We therefore reach the conclusion that the corporation plaintiff, under the conditions which we have detailed, is, within the meaning of the 14th Amendment, a person within the jurisdiction of the state of Alabama, and entitled to be protected against any statute of the state which deprives it of the equal protection of the laws.


It remains to consider the argument made on behalf of the state of Alabama, that the statute is justified as an exercise of the right of classification of the subjects of taxation, which has been held to be entirely consistent with the equal protection of the laws guaranteed by the 14th Amendment. It is argued that the imposition of special taxes upon foreign corporations for the privilege of doing business within the state is sufficient to justify such different taxation, because the tax imposed is different, in that the one imposed on the domestic corporation is for the privilege of being a corporation, whereas the one on the foreign corporation is for the privilege of such corporation to do business within the state. While reasonable classification is permitted, without doing violence to the equal protection of the laws, such classification must be based upon some real and substantial distinction, bearing a reasonable and just relation to the things in respect to which such classification is imposed; and classification cannot be arbitrarily made without any substantial basis. Arbitrary selection, it has been said, cannot be justified by calling it classification. Gulf, C. & S. F. R. Co. v. Ellis, 165 U. S. 150, 155, 165, 41 L. ed. 666, 668, 671, 17 Sup. Ct. Rep. 255; Cotting v. Kansas City Stock Yards Co. (Cotting v. Godard) 183 U. S. 79, 46 L. ed. 92, 22 Sup. Ct. Rep. 30; Connolly v. Union Sewer Pipe Co. 184 U. S. 540, 559, 46 L. ed. 679, 689, 22 Sup. Ct. Rep. 431.
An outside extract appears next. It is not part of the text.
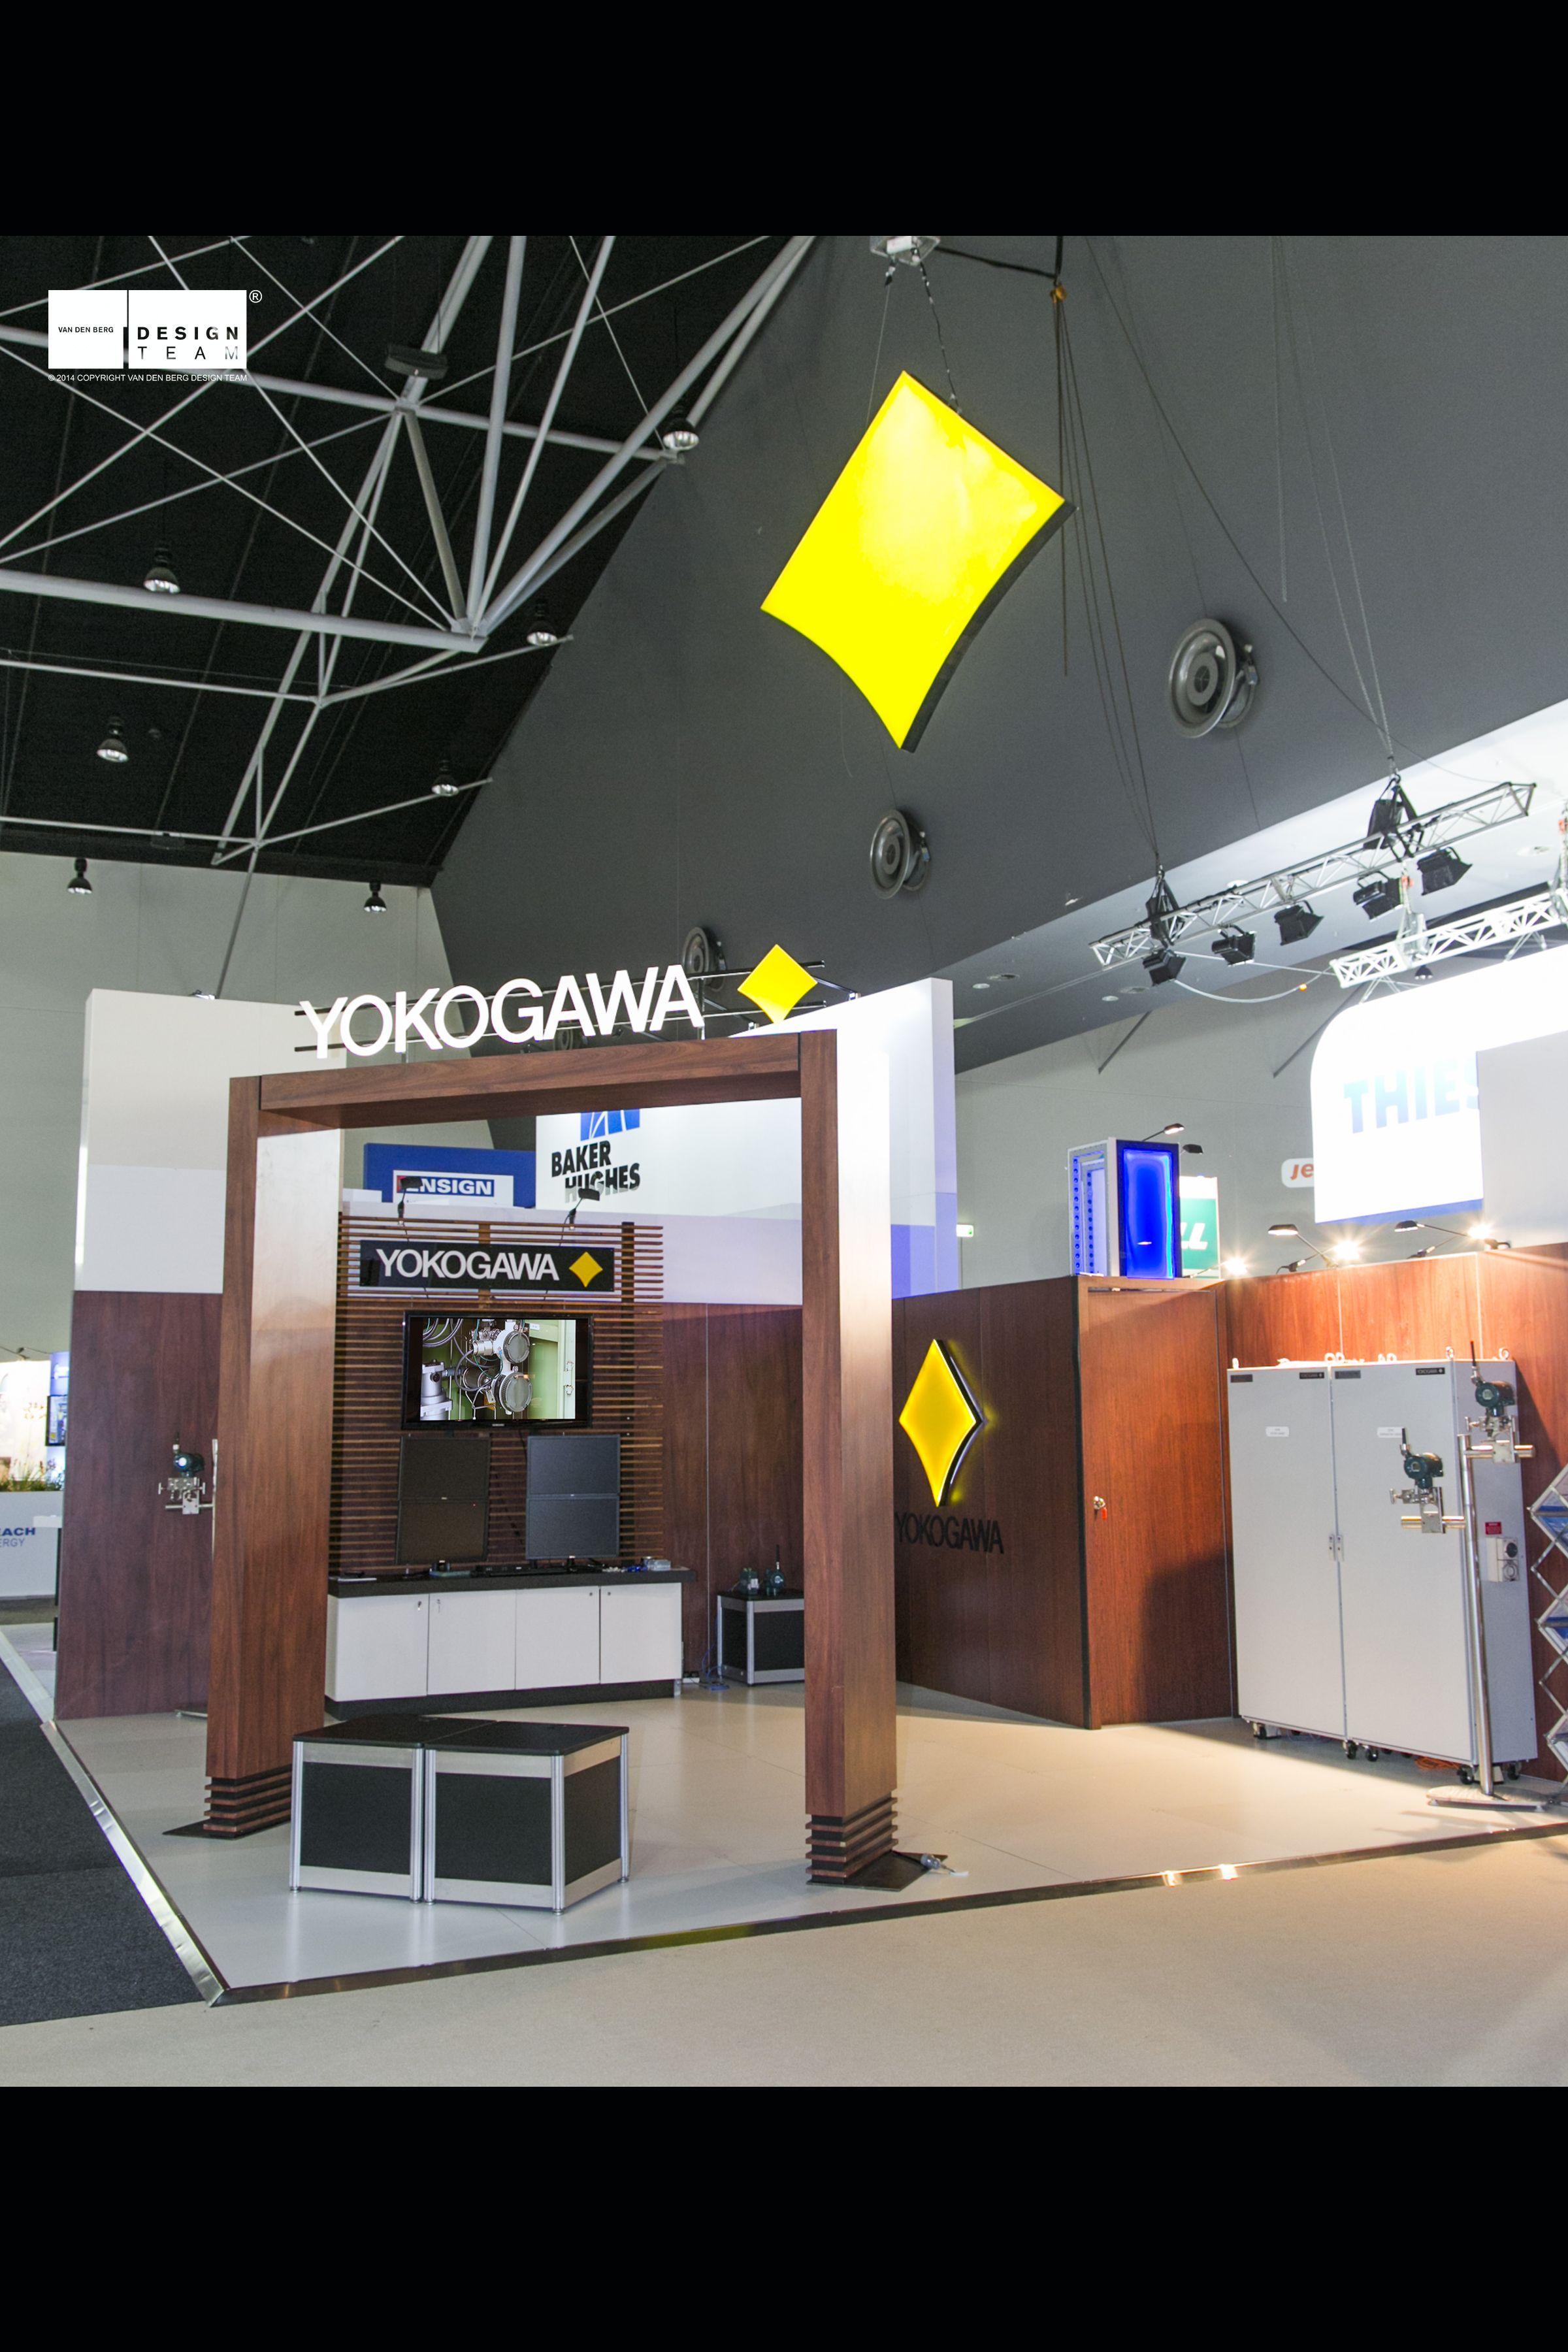 YOKOGAWA APPEA Yokogawa Electric Corporation is a Japanese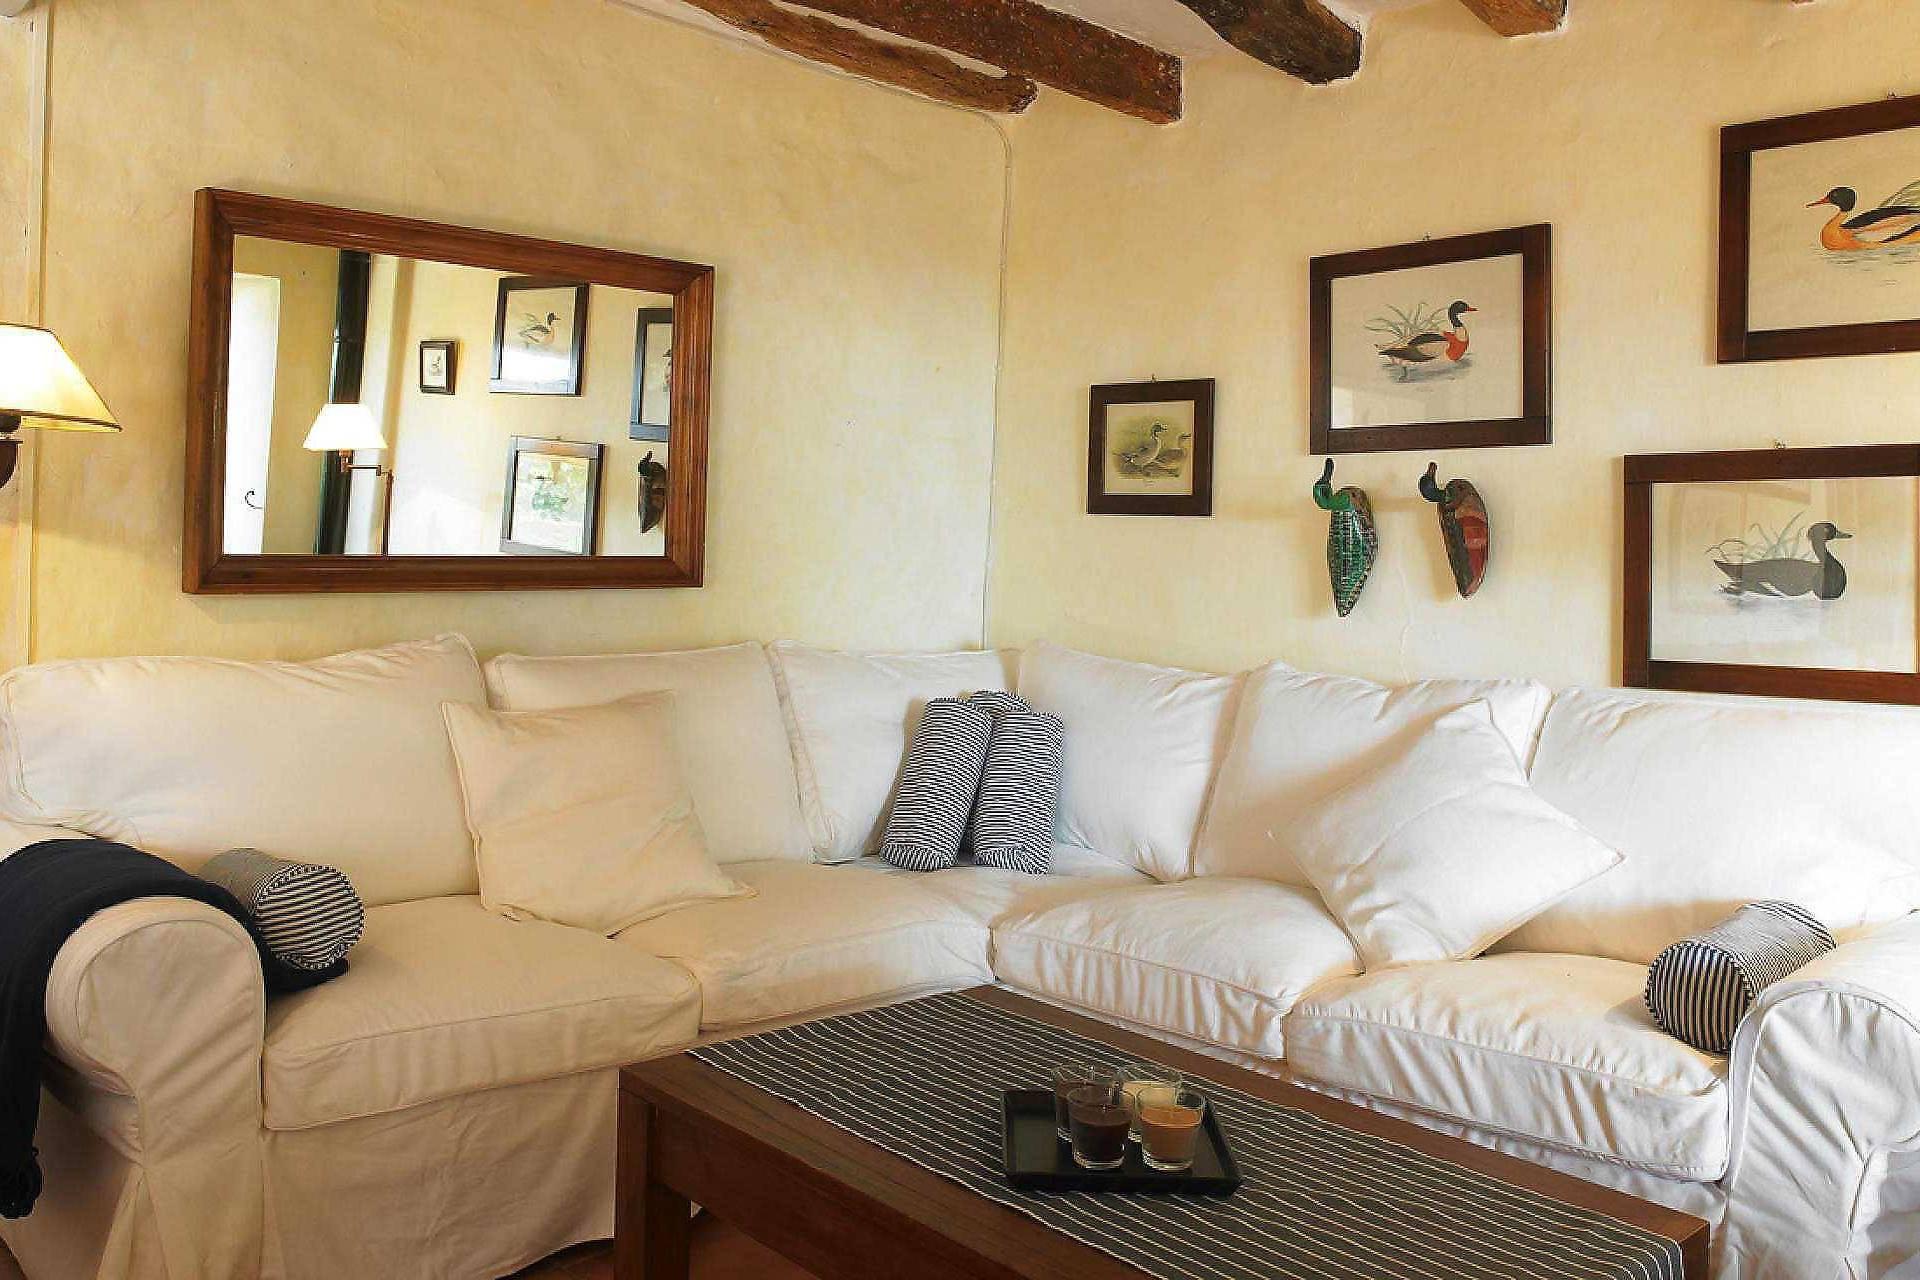 ... 01 17 Stilvolle Finca Mallorca Osten Bild 11 ...

It is averred in the complaint, and must be taken as admitted, that there are other corporations of a domestic character in Alabama, carrying on the railroad business in precisely the same way as the plaintiff. It would be a fanciful distinction to say that there is any real difference in the burden imposed because the one is taxed for the privilege of a foreign corporation to do business in the state, and the other for the right to be a corporation. The fact is that both corporations do the same business in character and kind, and under the statute in question a foreign corporation may be taxed many thousands of dollars for the privilege of doing, within the state, exactly the same business as the domestic corporation is permitted to do by a tax upon its privilege, amounting to only a few hundred dollars. We hold, therefore, that to tax the foreign corporation for carrying on business under the circumstances shown, by a different and much more onerous rule than is used in taxing domestic corporations for the same privilege, is a denial of the equal protection of the laws, and the plaintiff being in position to invoke the protection of the 14th Amendment, that such attempted taxation under a statute of the state does violence to the Federal Constitution.


The judgment of the Supreme Court of Alabama is therefore reversed, and the case remanded to that court for further proceedings not inconsistent with this opinion.




Dissenting: The CHIEF JUSTICE, Mr. Justice McKenna, and Mr. Justice Holmes.